Я медленно прочитал знаменитый стих:

L'hydre-univers tordant son corps ecaille d'astres 1.

И почувствовал, как он поразился и замер. Потом он вполголоса повторил ее, лаская губами каждое чудесное слово.

– Да, – пробормотал он. – Мне ничего подобного не написать.

Гюго на минуту сблизил нас.

Перед этим он, помню, с жаром декламировал небольшую вещь Уитмена, где поэт вспоминает ту разделенную с другом ночь у моря, когда он был по-настоящему счастлив.

– Если Уитмен пишет о ней, – заметил я, – значит, он по ней томился, но так и не узнал ее наяву. Стихи задевают нас когда в них угадываешь желание, а не отчет о случившемся.

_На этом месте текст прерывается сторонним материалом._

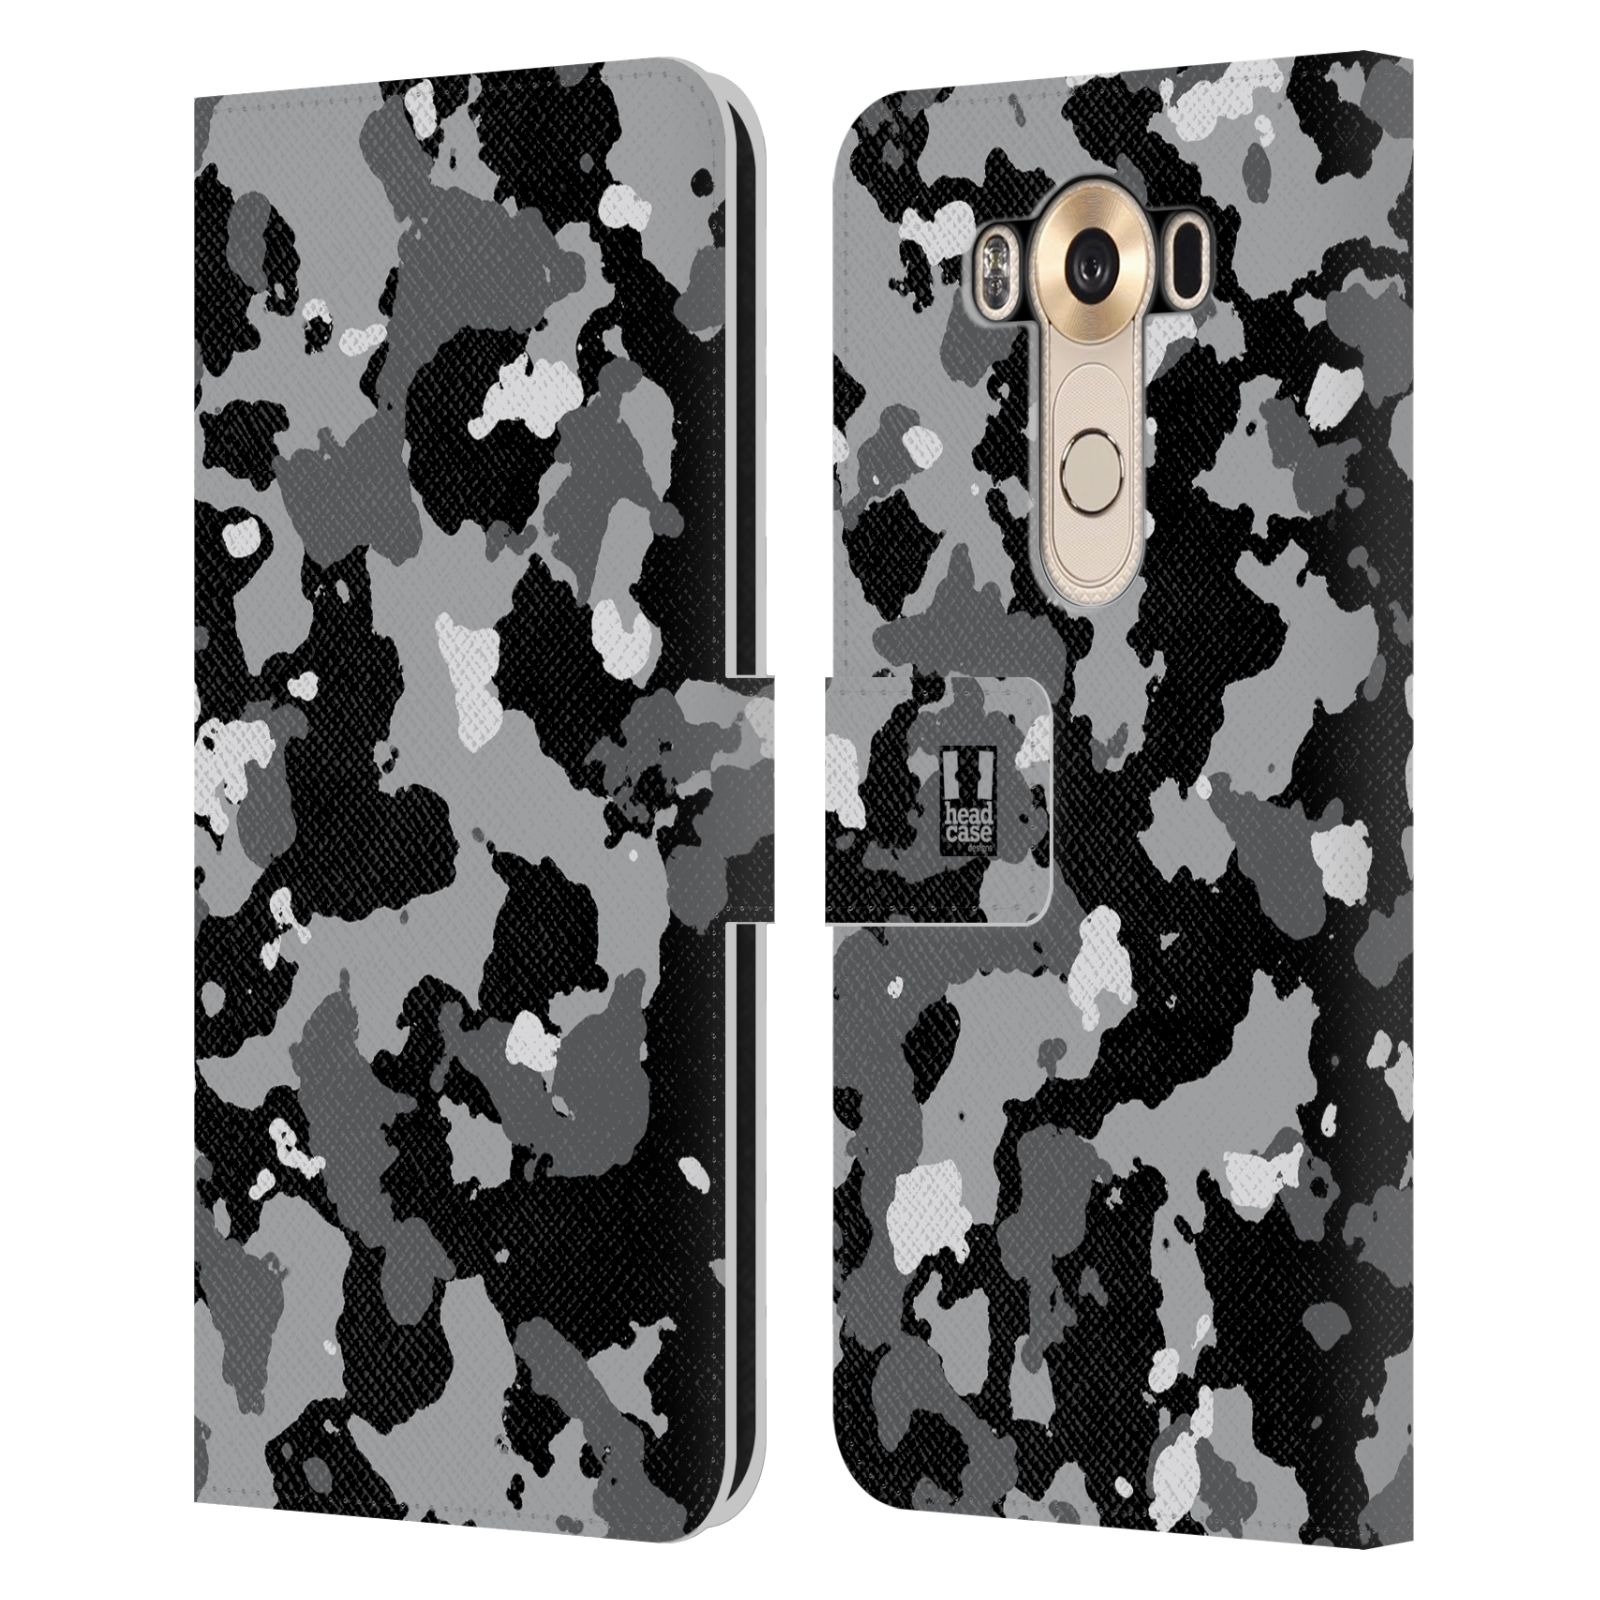 Pouzdro na mobil LG V10 - Head Case - kamuflaž černá a šedá
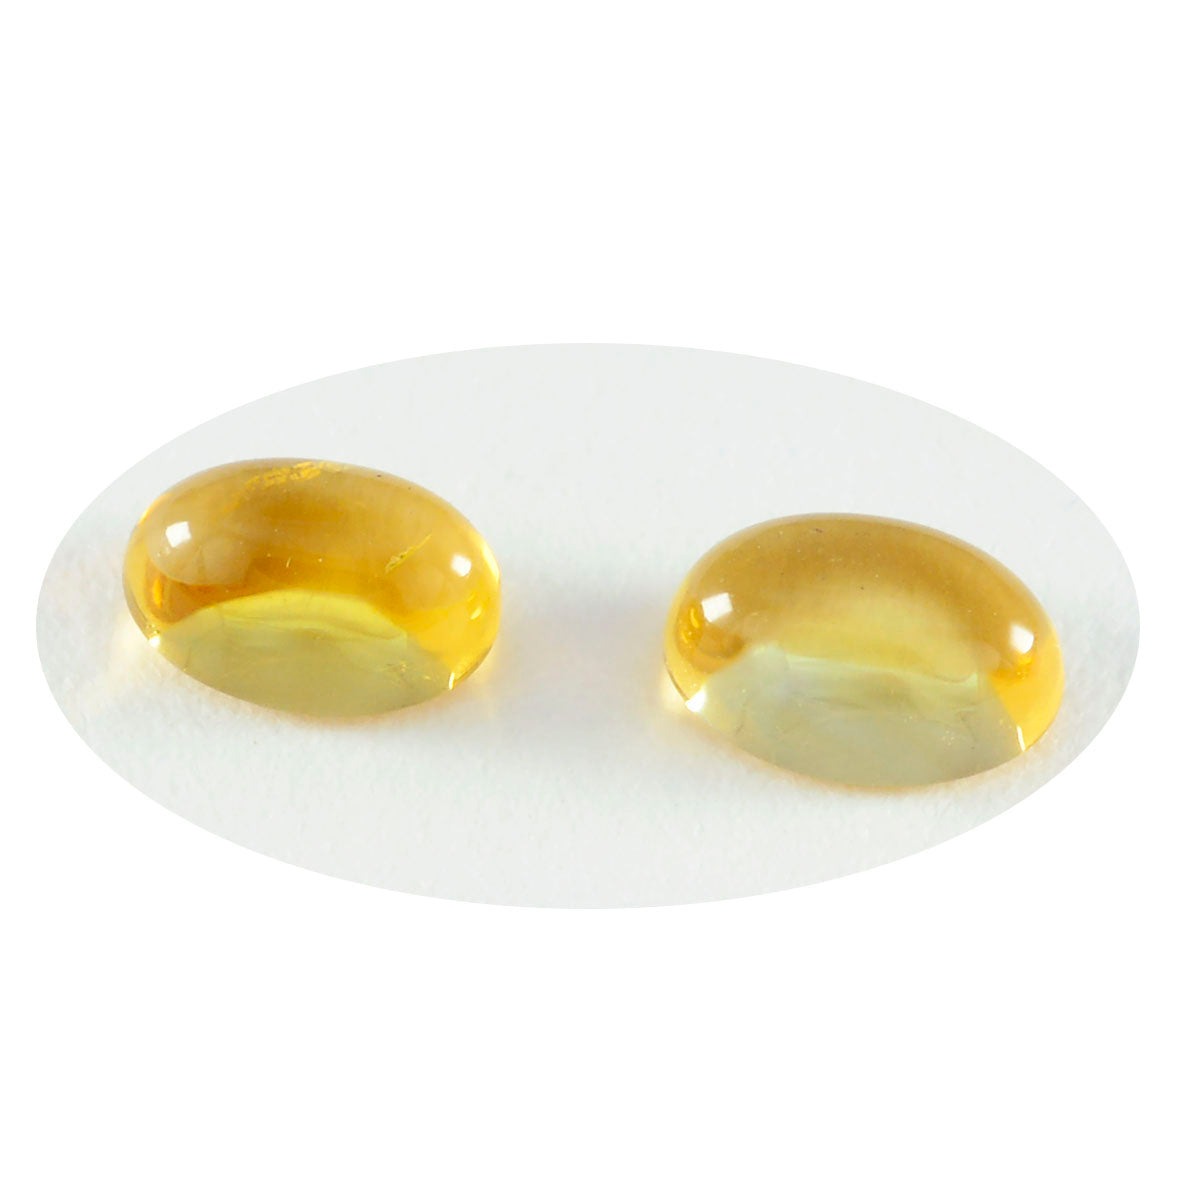 riyogems 1pc cabochon di citrino giallo 9x11 mm di forma ovale, pietra preziosa di eccellente qualità

Он смотрел на меня, потеряв дар речи.

– Нет, вы его не знаете, – в конце концов воскликнул он – Уитмен не способен солгать.

Не напрасно нас разделяло полстолетия. Слушая наш разговор людей разного читательского опыта и вкусов, я почувствовал, что нам друг друга не понять. Слишком мы были разными, слишком похожими. Мы не обманывались друг в друге, а это всегда затрудняет диалог. Каждый из нас карикатурно передразнивал другого. Уродливая ситуация чересчур затянулась. Ни советы, ни спор ни к чему бы не привели: он был обречен стать мной.

Тут мне вспомнилась одна из колриджевских фантазий. Кому-то у него приснилось, что он побывал в раю и в доказательство этого получил цветок. Проснувшись, он сжимает цветок в руке.

Мне пришла в голову похожая выдумка.

– Послушай, – сказал я, – у тебя есть какие-нибудь деньги?

– Есть, – откликнулся он. – Франков двадцать. Сегодня вечером я позвал в «Крокодил» Симона Жиклинского.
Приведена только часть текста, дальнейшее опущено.